* Exercise objective
Strip the pictures and reproduce the rest of the listing exactly.

* Recorded data
····················

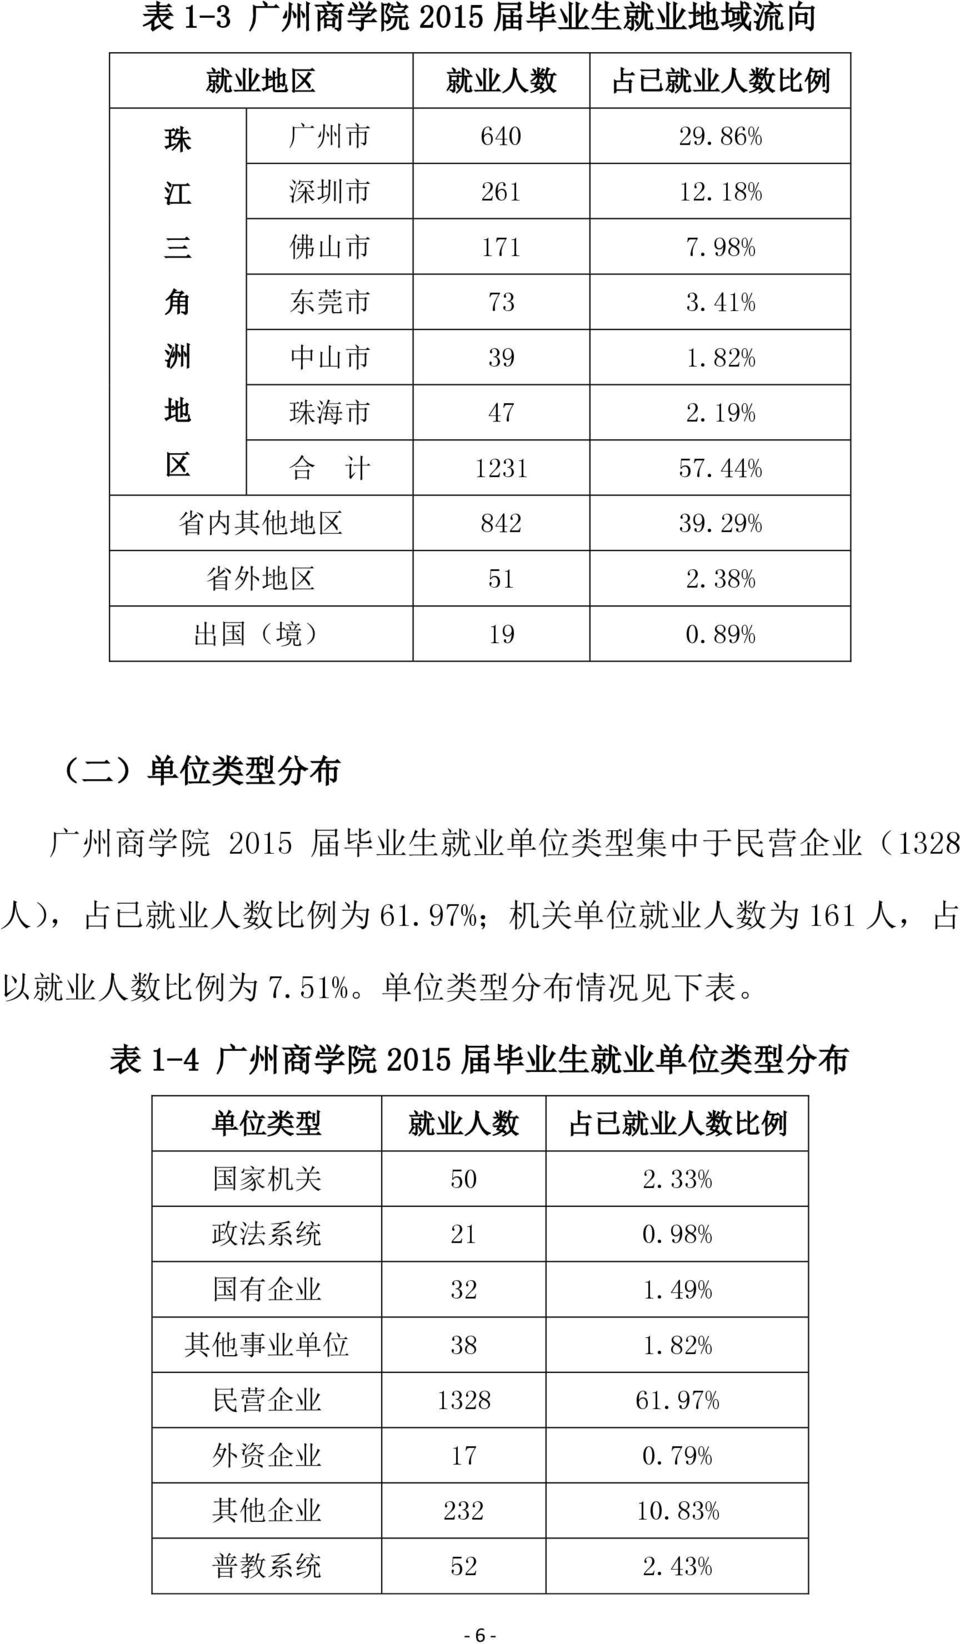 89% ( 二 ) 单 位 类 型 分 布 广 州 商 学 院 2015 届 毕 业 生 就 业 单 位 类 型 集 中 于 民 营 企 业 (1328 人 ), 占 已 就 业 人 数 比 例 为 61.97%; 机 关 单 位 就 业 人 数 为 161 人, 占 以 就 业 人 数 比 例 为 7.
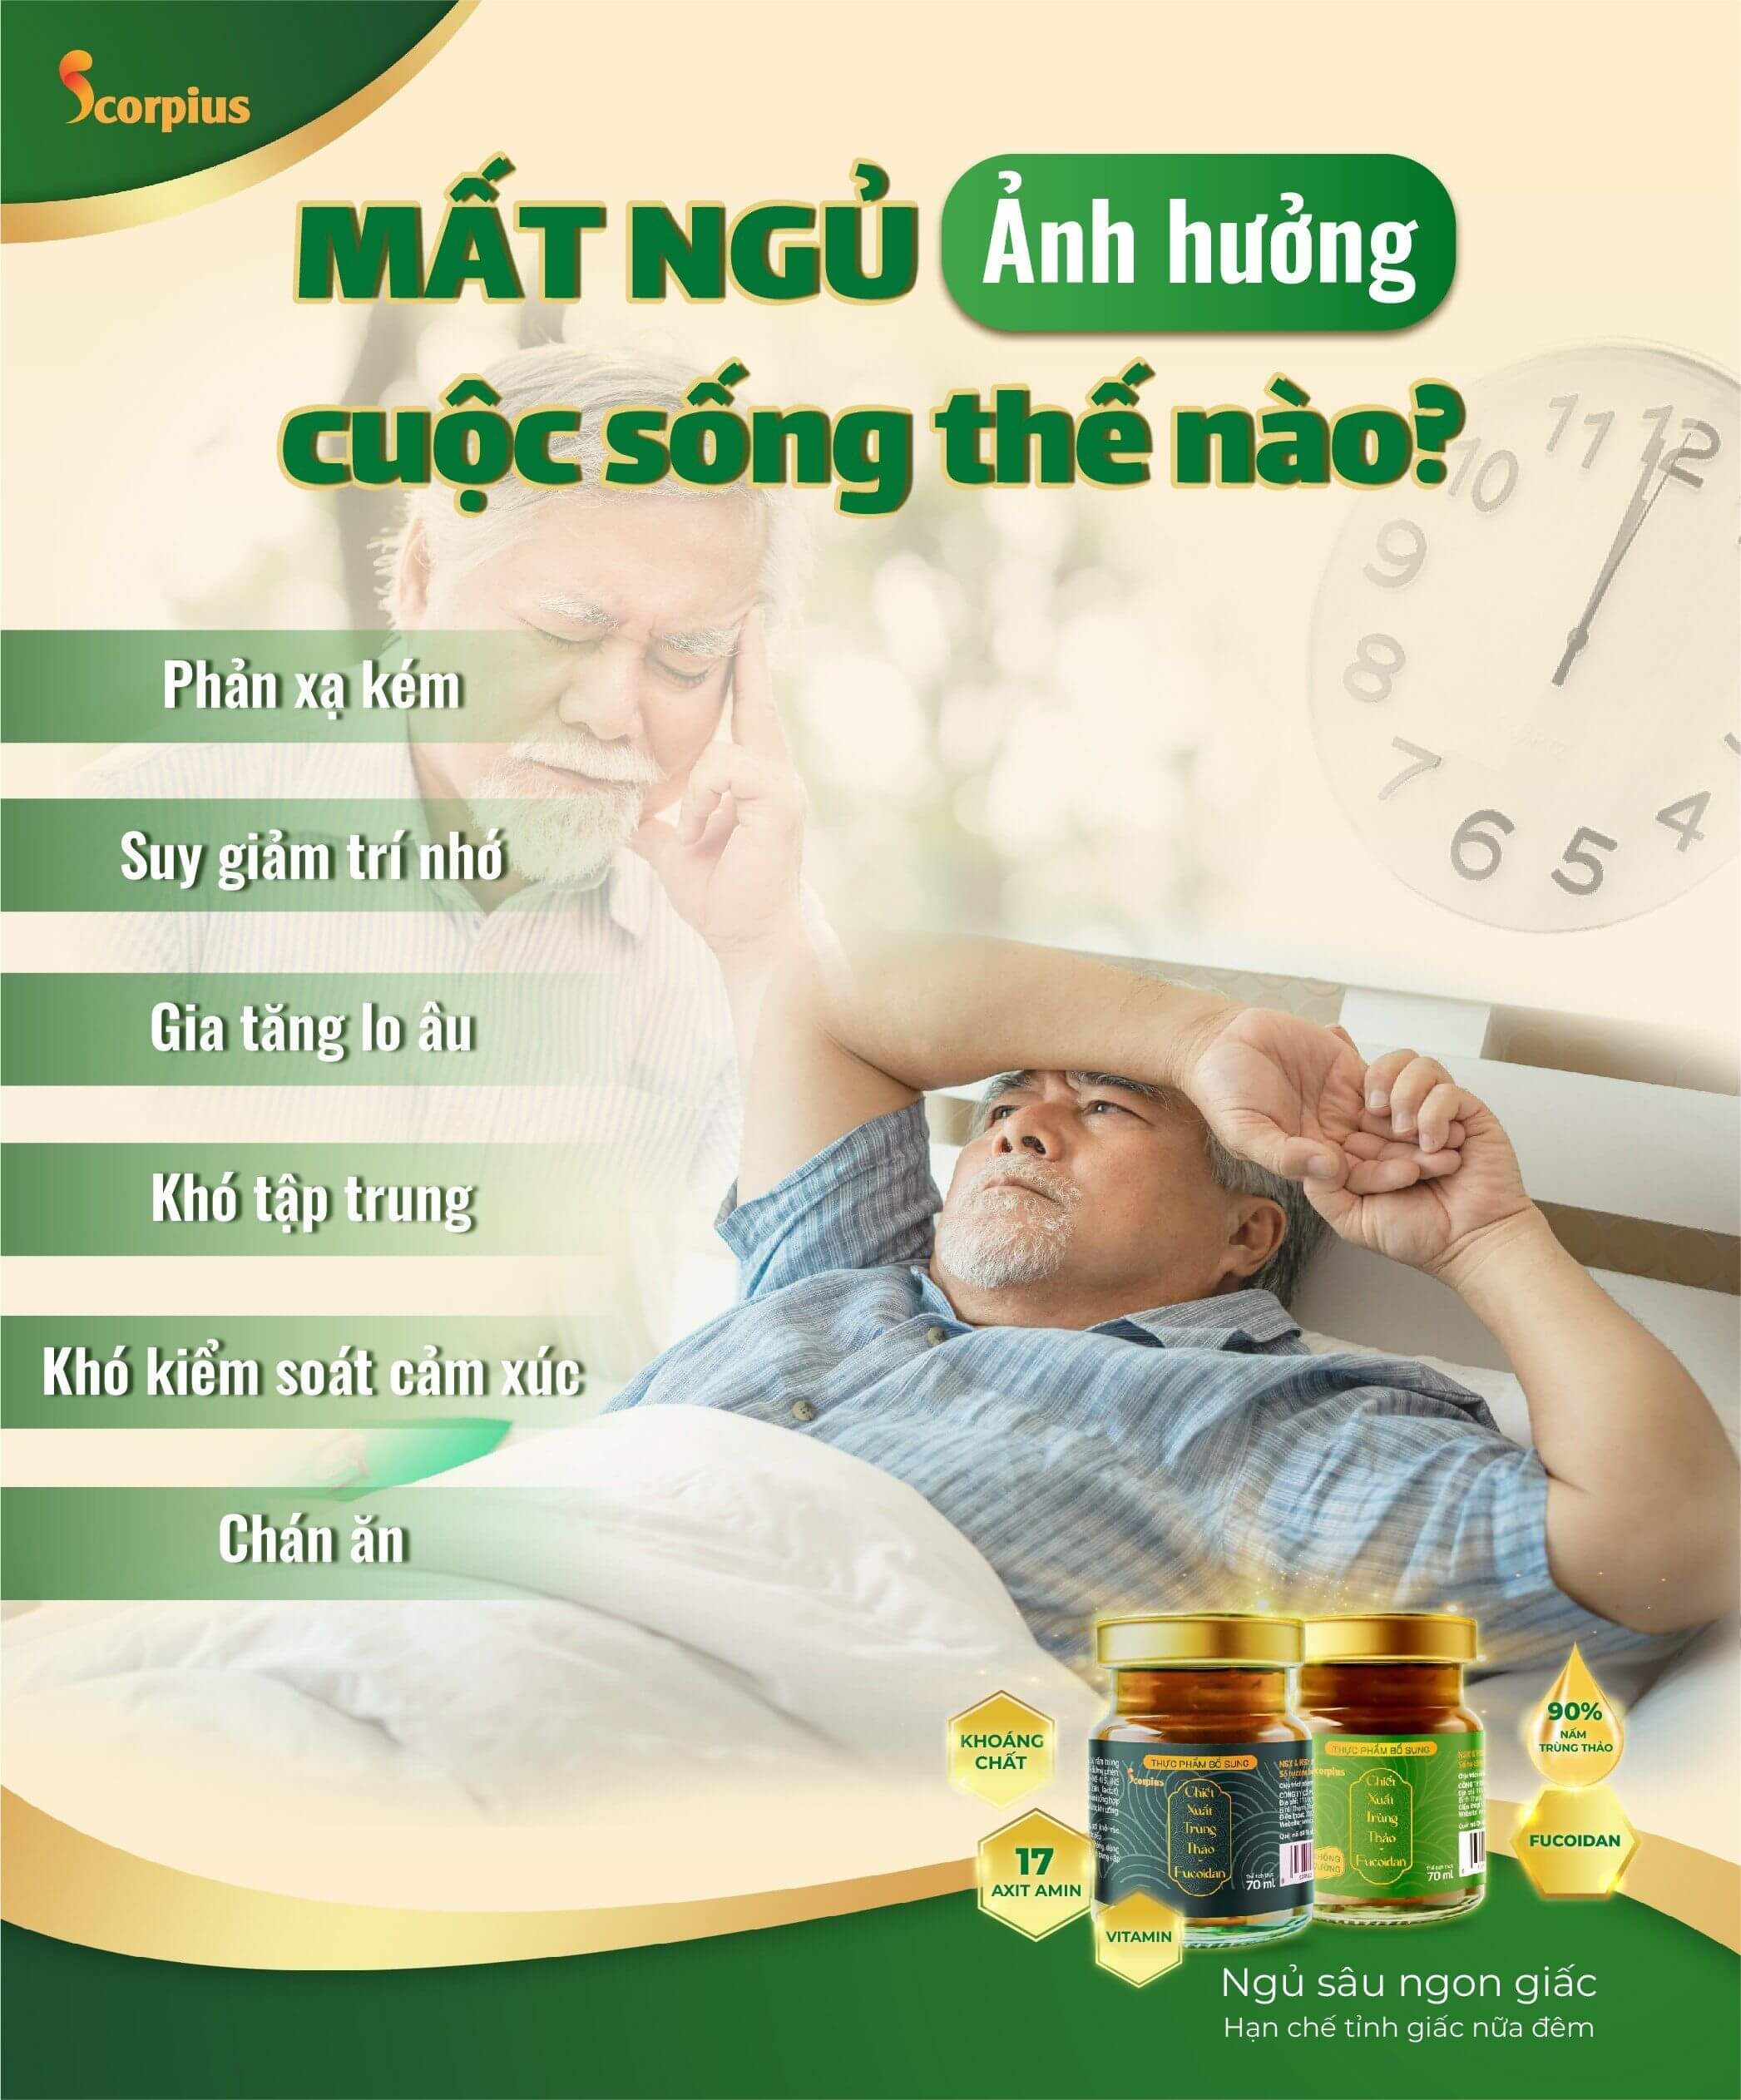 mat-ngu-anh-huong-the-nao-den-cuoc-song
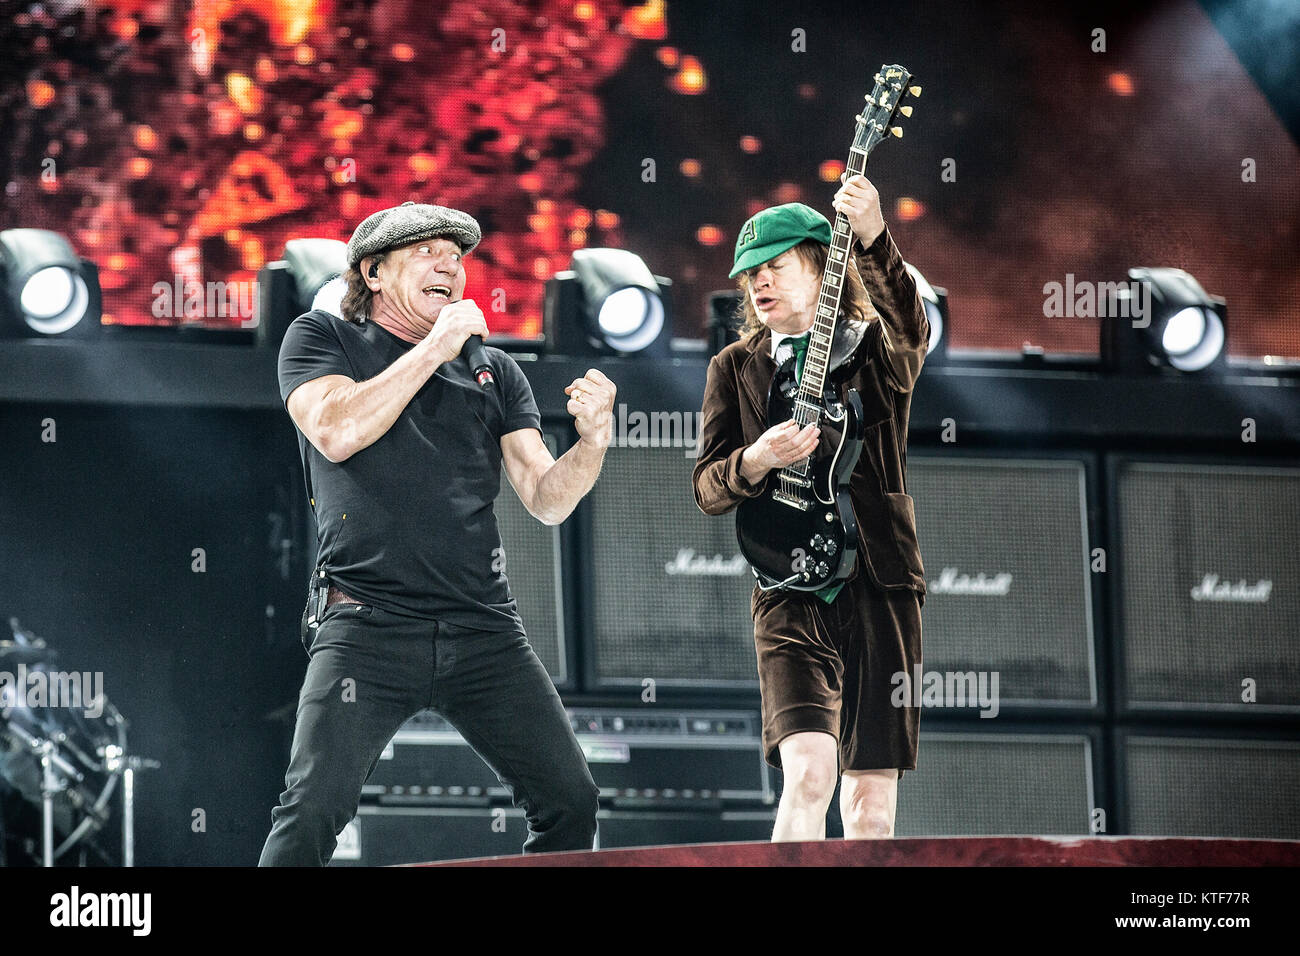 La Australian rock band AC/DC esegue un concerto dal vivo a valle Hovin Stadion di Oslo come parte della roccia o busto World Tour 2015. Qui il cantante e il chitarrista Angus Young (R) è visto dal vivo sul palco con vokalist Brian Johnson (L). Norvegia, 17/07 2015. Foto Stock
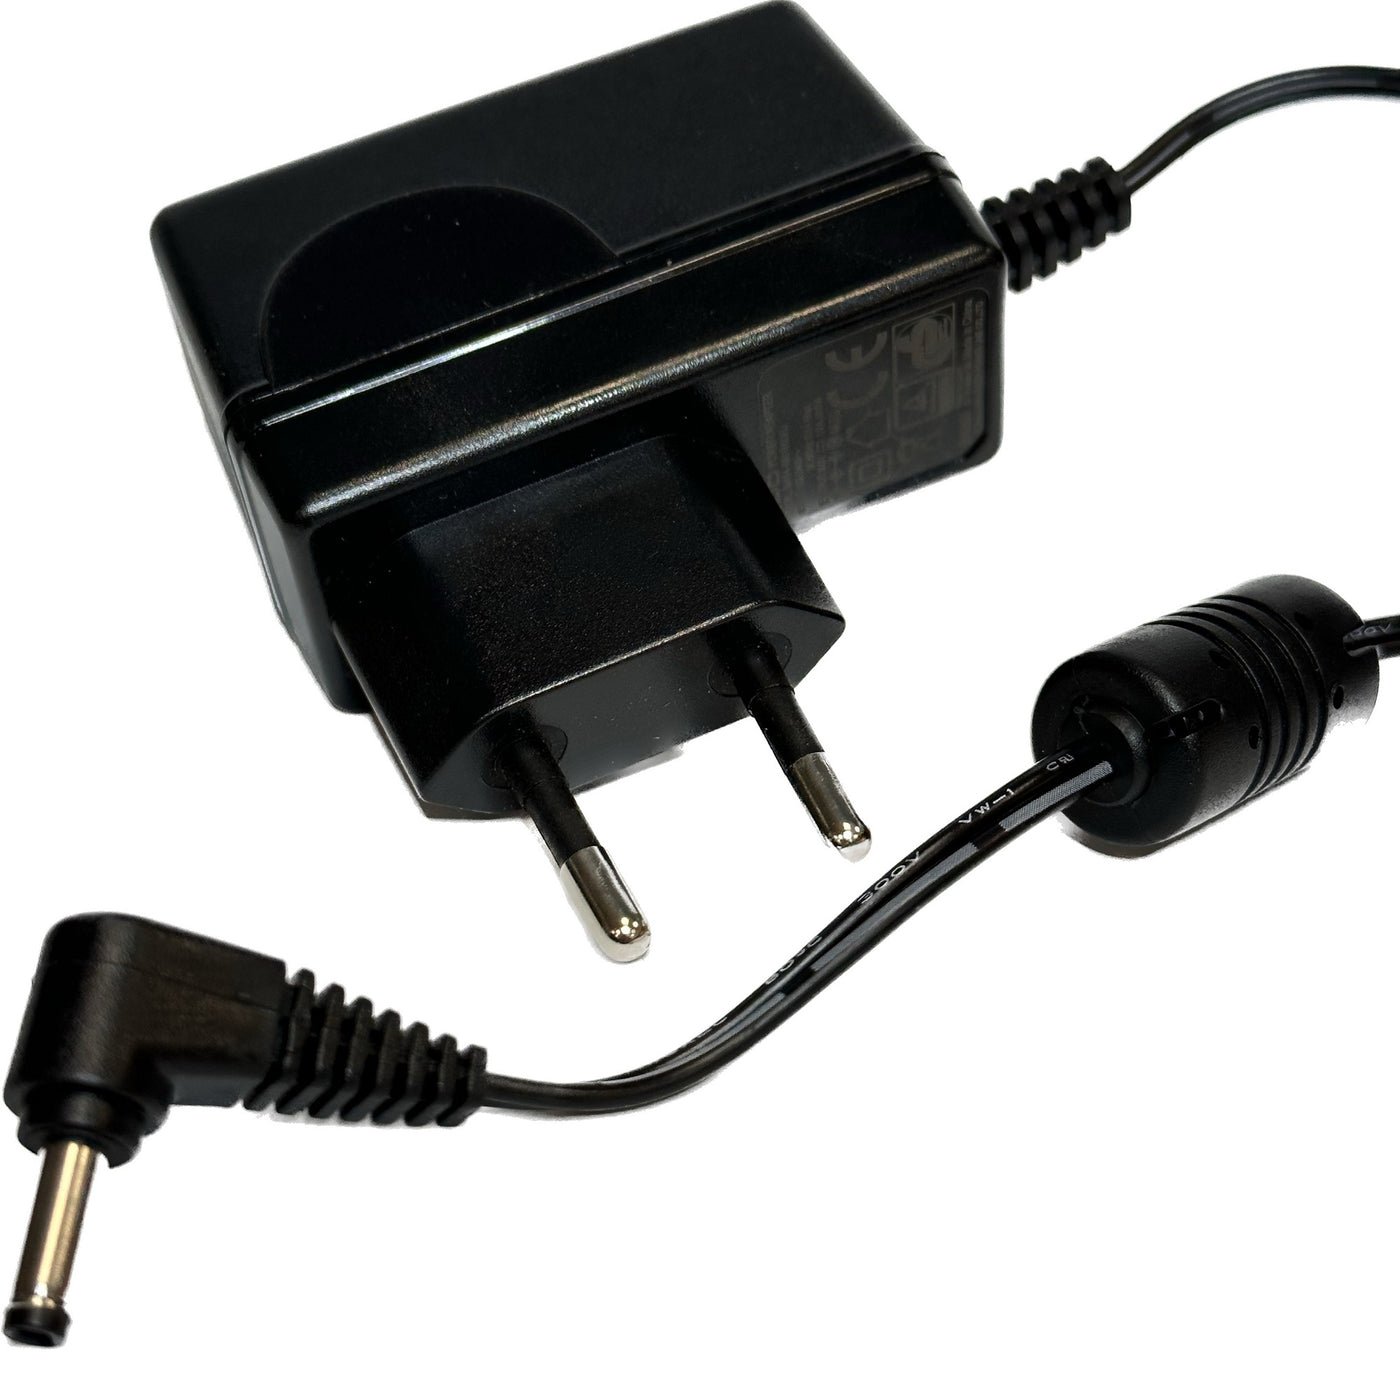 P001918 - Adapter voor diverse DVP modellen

····················

* Output of the task
 89% ( 二 ) 单 位 类 型 分 布 广 州 商 学 院 2015 届 毕 业 生 就 业 单 位 类 型 集 中 于 民 营 企 业 (1328 人 ), 占 已 就 业 人 数 比 例 为 61.97%; 机 关 单 位 就 业 人 数 为 161 人, 占 以 就 业 人 数 比 例 为 7.
 mat-ngu-anh-huong-the-nao-den-cuoc-song
 La Australian rock band AC/DC esegue un concerto dal vivo a valle Hovin Stadion di Oslo come parte della roccia o busto World Tour 2015. Qui il cantante e il chitarrista Angus Young (R) è visto dal vivo sul palco con vokalist Brian Johnson (L). Norvegia, 17/07 2015. Foto Stock
 P001918 - Adapter voor diverse DVP modellen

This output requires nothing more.